Maritime Workforce and Skills Account
The Maritime Workforce and Skills Account establishes baseline employment data, income patterns, skills gaps, and training coverage for Solomon Islands' maritime transport sector. The account framework integrates System of National Accounts (SNA 2025) labour accounting standards with maritime-specific skill classification systems to produce internationally comparable employment statistics that align with national labour force surveys and development planning priorities.

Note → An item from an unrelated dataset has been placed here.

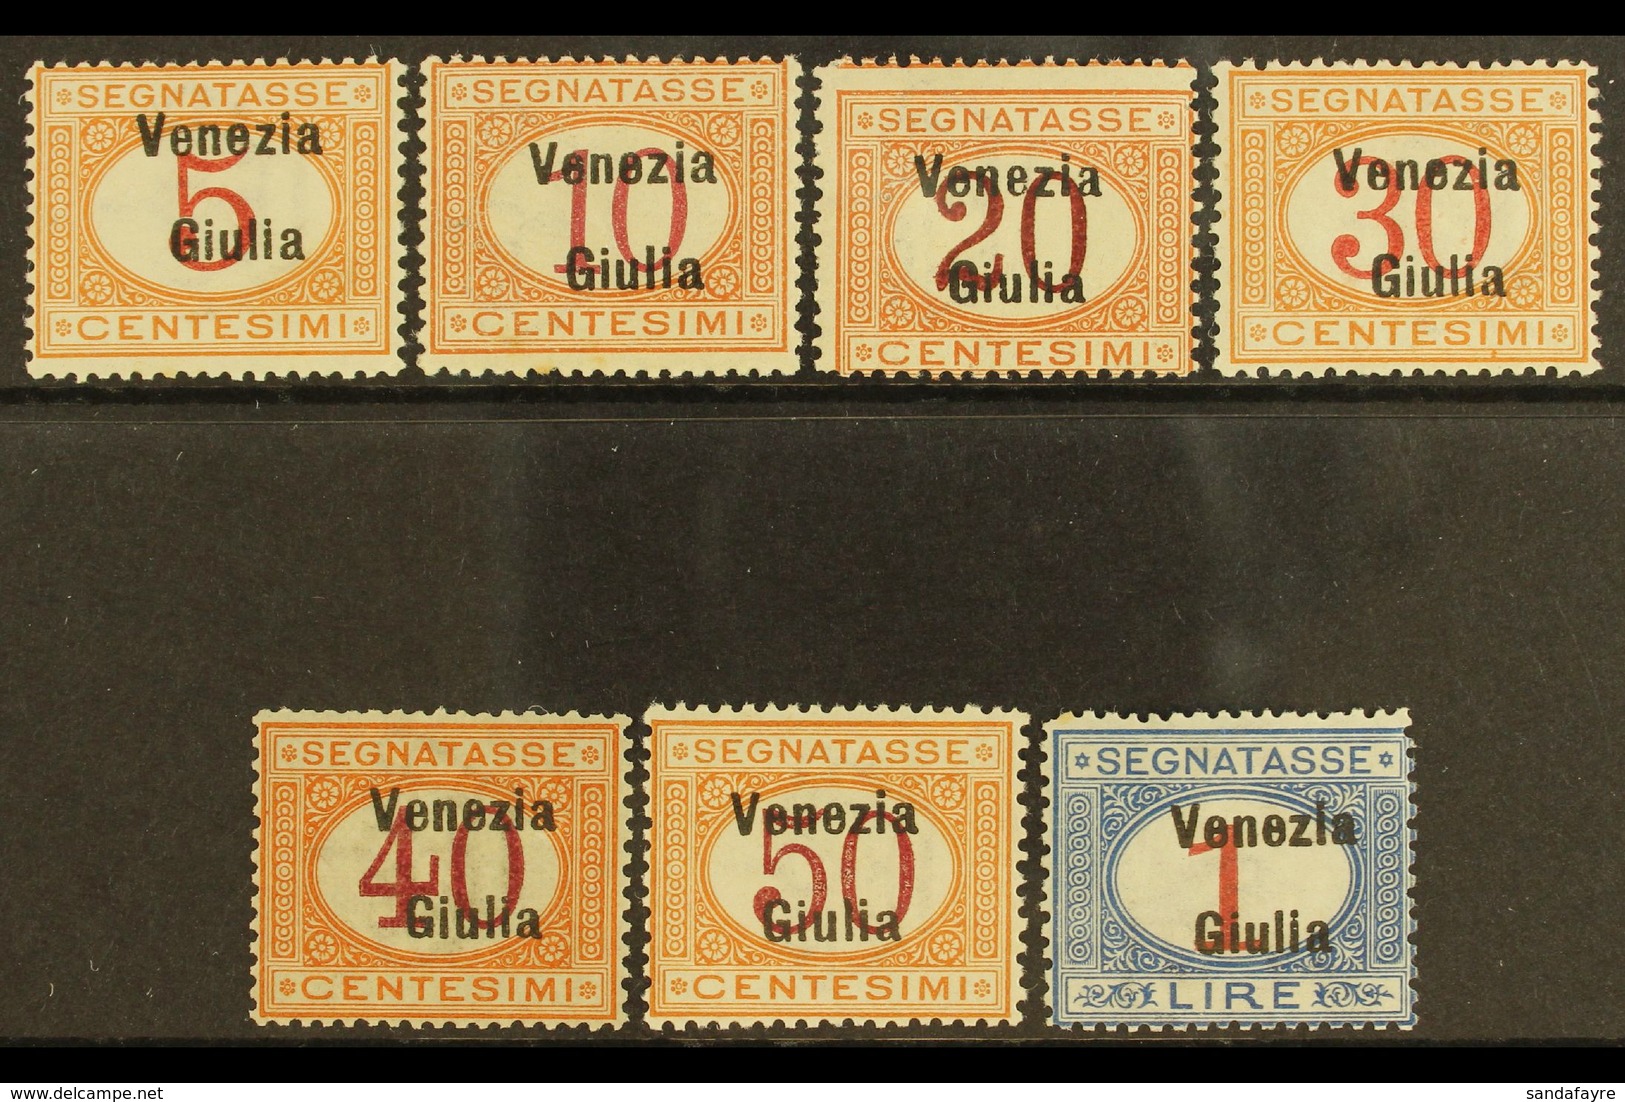 VENEZIA GIULIA  POSTAGE DUES 1918 Overprint Set Complete, Sass S4, Very Fine Mint. Cat €1000 (£760) Rare Set. (7 Stamps) - Non Classés

Accounting Framework and Standards Compliance
- SNA 2025 Labour Accounting Integration. SNA 2025 provides extended account standards linking national income and employment data with complementary social and economic statistics, establishing the methodological foundation for maritime employment measurement. The Maritime Workforce and Skills Account applies SNA 2025 labour accounting principles to the commercial maritime sector, structured around five core labour statistics:
- Employment by occupational role and vessel type: Counts of persons engaged in maritime work, disaggregated by occupational classification (master, chief officer, seafarer crew member, engineer, technician, administrative/support roles) and vessel category. Employment is measured as number of jobs (counting multiple employment simultaneously) and number of persons (unique individuals), enabling analysis of primary vs. supplementary employment patterns.
- Employment contract type and status: Classification of maritime employment relationships as permanent employment (ongoing positions held for indefinite duration or contracted for 12+ months), temporary/contract employment (fixed-term contracts under 12 months), casual employment (work-as-needed arrangements without contracted hours), and owner-operator status (self-employed vessel operators). Employment classification follows ILO Status in Employment Classification (ICSE 2018) adapted for maritime contexts.
- Residency classification: Flag indicating whether maritime workers are Solomon Islands residents or non-residents for national accounts integration. This classification aligns the account with SNA 2025 residence principle (which counts economic activity based on residency, not territory) and enables Solomon Islands' national accounts to properly classify maritime income as domestic or foreign factor income.
- Hours worked and labour input: Measurement of effective labour input (total hours actually worked) rather than simple headcount employment, as hours worked is the most appropriate measure of labour input because headcount hides changes in average hours worked and variations such as part-time status, paid leave, or shift arrangements. Hours worked data enable productivity analysis (output per hour worked) and comparison with international maritime productivity benchmarks.
- Compensation and income: Aggregated wage and salary data (total compensation packages including wages, benefits, allowances) by occupational role and vessel category. Compensation data includes both cash wages and non-wage income (accommodation, meals, transportation allowances) provided to seafarers and maritime workers. All income data comply with SNA 2025 compensation of employees definition and integrate with national income accounts.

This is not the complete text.